García Pérez-Tomás, Andrés Ignacio. “La metáfora artesanal como principio organizador en mimbres de antonio del barrio estremera: el amor como tejido”. Zenodo, January 1, 2026. https://doi.org/10.5281/zenodo.19655099

LA METÁFORA ARTESANAL COMO PRINCIPIO ORGANIZADOR EN MIMBRES DE ANTONIO DEL BARRIO ESTREMERA: EL AMOR COMO TEJIDO

  1. Introducción

El título del poemario de Antonio del Barrio Estremera es, en sí mismo, un programa poético. Mimbres (2026) toma su nombre de las ramas delgadas y flexibles con las que los artesanos trenzaban cestos: objetos de uso cotidiano que requieren paciencia, destreza y la combinación armoniosa de múltiples elementos. Al nombrar así su libro, el autor declara desde el umbral mismo del texto cuál es su tesis: el amor verdadero es una obra artesanal, un cesto que se teje con veintiséis ingredientes o mimbres distintos, y cuya solidez depende de que ninguno de esos mimbres falte.

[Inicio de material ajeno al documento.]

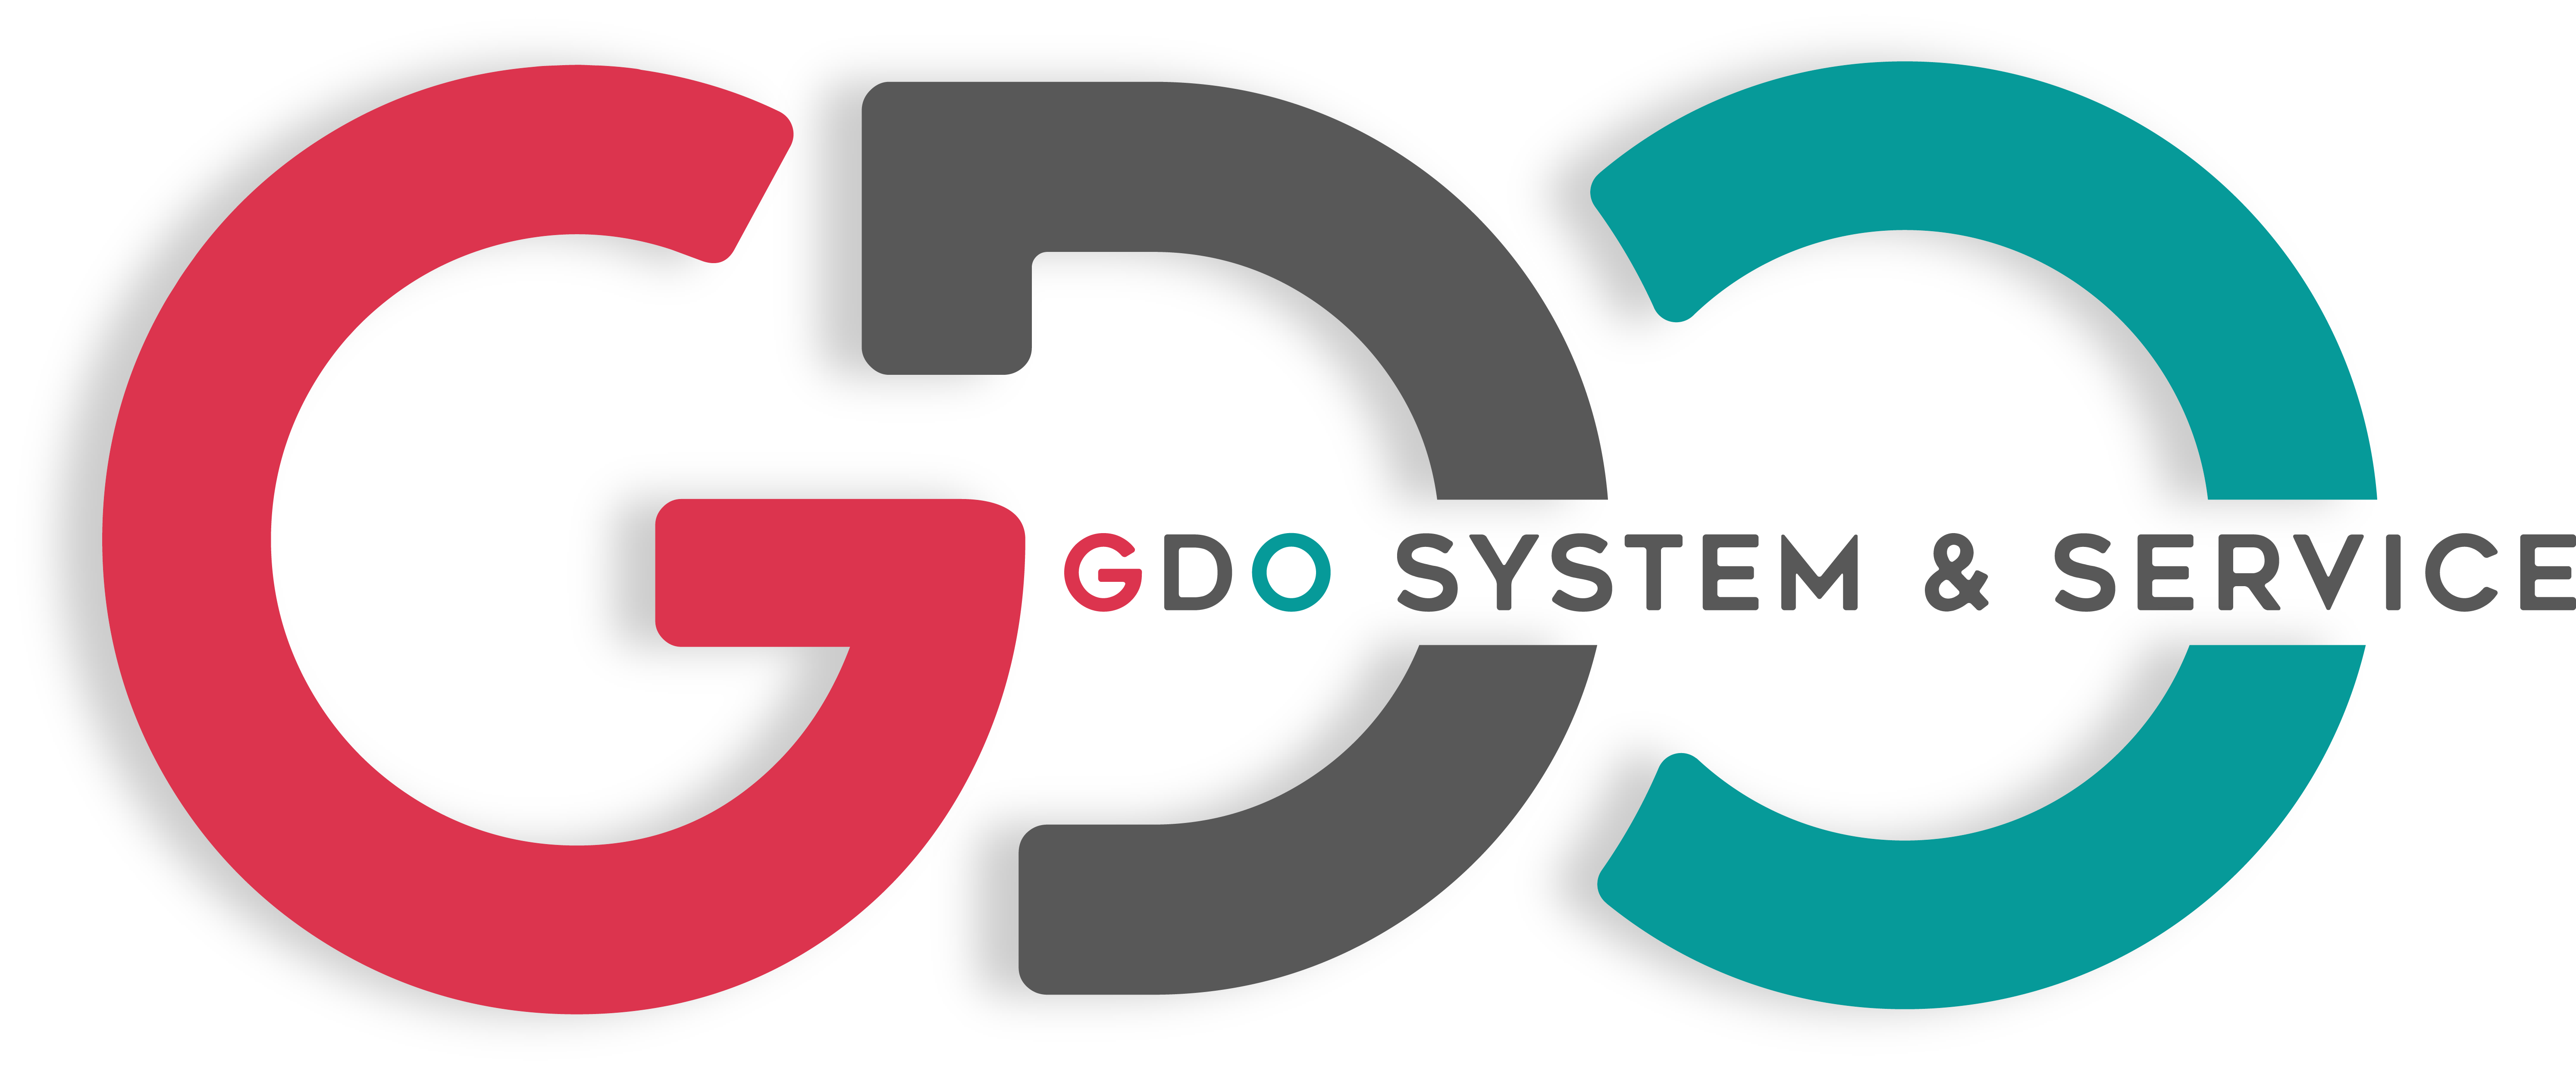 GDO System & Service

Este Trabajo de Fin de Grado se propone analizar esa metáfora artesanal en su alcance pleno: cómo se introduce en el título y el prólogo, cómo se despliega a lo largo de los veintiséis poemas, qué variantes y extensiones adopta, y qué relación guarda con otras metáforas estructurantes del libro (el jardín, la construcción, el camino). Asimismo, el trabajo sitúa la metáfora artesanal del amor en la tradición literaria española, identificando antecedentes y comparables que iluminen la singularidad de la propuesta de Del Barrio Estremera.

La hipótesis central es que la metáfora artesanal en Mimbres no es un adorno retórico sino la arquitectura conceptual del libro: el principio organizador que da coherencia al poemario, que justifica su estructura taxonómica y que articula su propuesta ética. Comprender esa metáfora es comprender el libro.

  1. Marco teórico: la metáfora conceptual

El análisis se sustenta en la teoría de la metáfora conceptual desarrollada por George Lakoff y Mark Johnson en su influyente obra Metaphors We Live By (1980). Para estos autores, la metáfora no es un ornamento del lenguaje sino un mecanismo cognitivo fundamental mediante el cual comprendemos dominios abstractos en términos de dominios más concretos y experiencialmente familiares. Así, comprender el amor en términos de trabajo artesanal —como hace Del Barrio Estremera— no es una elección estética sino una operación cognitiva que revela cómo el poeta concibe el amor.

La metáfora conceptual que organiza Mimbres puede formularse del siguiente modo: EL AMOR ES UNA OBRA ARTESANAL. Este dominio fuente (la artesanía, el tejido, la cestería) estructura el dominio meta (el amor) de múltiples maneras: el amor requiere materiales (los mimbres), exige habilidad y trabajo (la lucha y el sacrificio), puede romperse si se descuida (la reconciliación), y produce un objeto bello y útil cuando se ejecuta bien (la convivencia lograda).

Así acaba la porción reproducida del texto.